Johnson plays Robby Weirdicht, established in a twenty-years-earlier flashback as an obese misfit partially rescued by Hart's "Most Likely to Succeed" Calvin Joiner, a Big Man on Campus revered as "The Golden Jet." Two decades later, Joiner frets about being "the guy who peaked in high school" as he's passed over for promotion and faces couples counseling with his high-school-sweetheart wife Maggie (Danielle Nicolet). Weirdicht resurfaces, self-reinvented as buff, uber-enthusiastic optimist Bob Stone: still nerdy (given to phraseology like "hunky dory) but now intimidating (his Facebook likes include guns, cinnamon pancakes, and unicorns).

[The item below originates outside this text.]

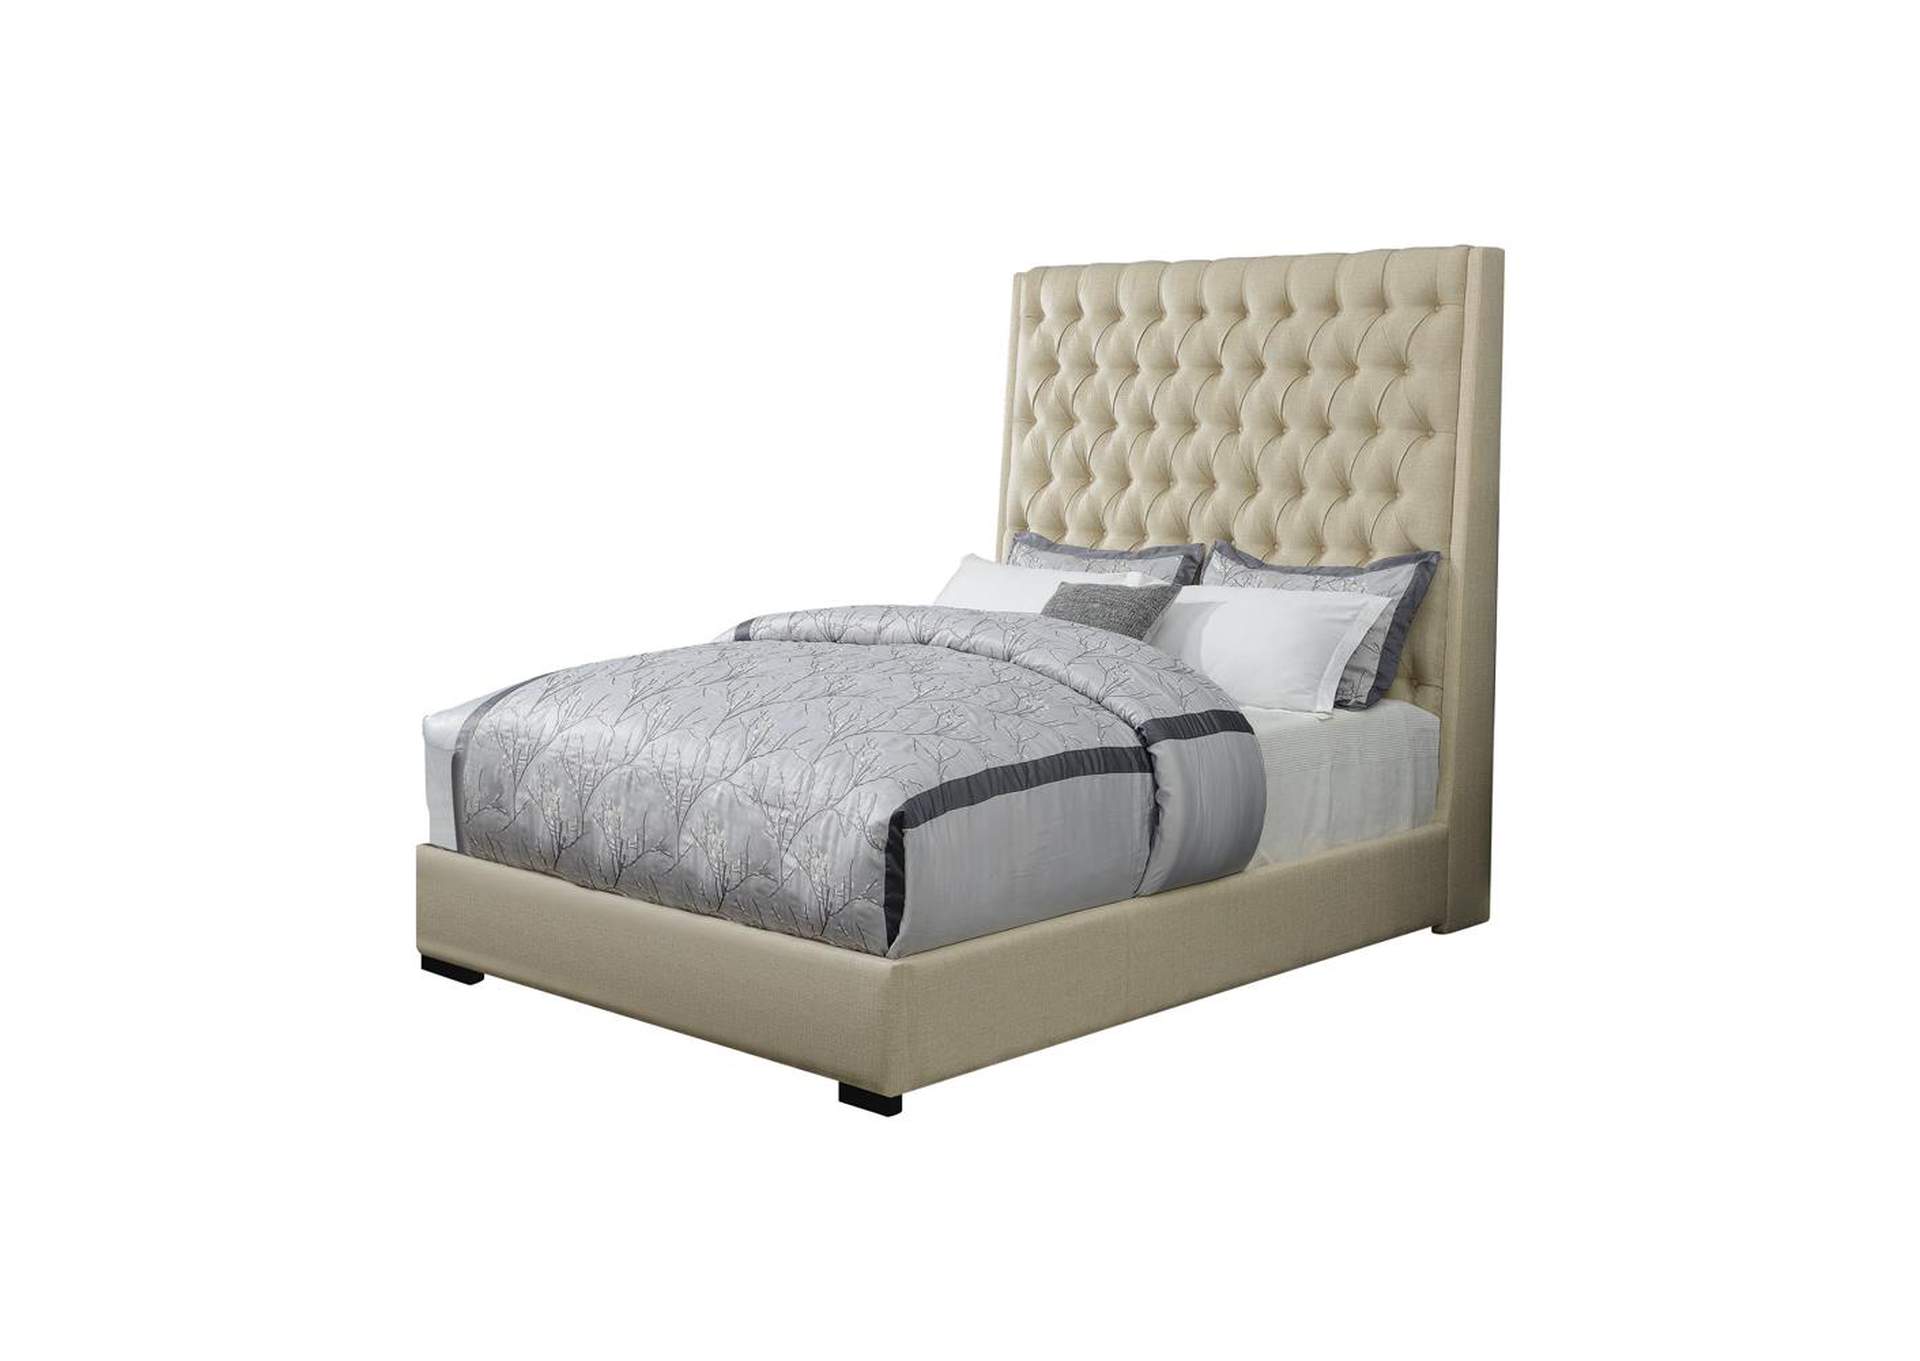 Camille Cream Upholstered Queen Bed,Coaster Furniture

"Stone"'s deliberately bland name belies his CIA agency, currently compromised by accusations that he's a traitor code-named "The Black Badger." On the hunt for Stone is former colleague Pamela Harris (an amusingly deadpan Amy Ryan). It's one of Central Intelligence's considerable strengths that director/co-writer Rawson Marshall Thurber (Dodgeball: A True Underdog Story, We're the Millers) encourages so many players to bring the funny. The usually braying Hart, here winningly restrained, technically plays the "straight man" to zany Johnson, and Ryan the "straight woman" to both leads, but you wouldn't know it from the laughs all three pull.

At nearly two hours, Central Intelligence's character dynamic and predictable formula become wearisome long before every scripted loose end gets neatly tied in a bow. The action, too, suffers as the film drags on, poorly shot and edited in comparison to the an early pair of set pieces establishing Stone's bona fides. At least the fat-shaming joke that kicks off the film quickly yields to an anti-bully theme, and even if the material's not always up to the title's ironic reference to wit, the cast and their director carry the day with a good stock of laughs.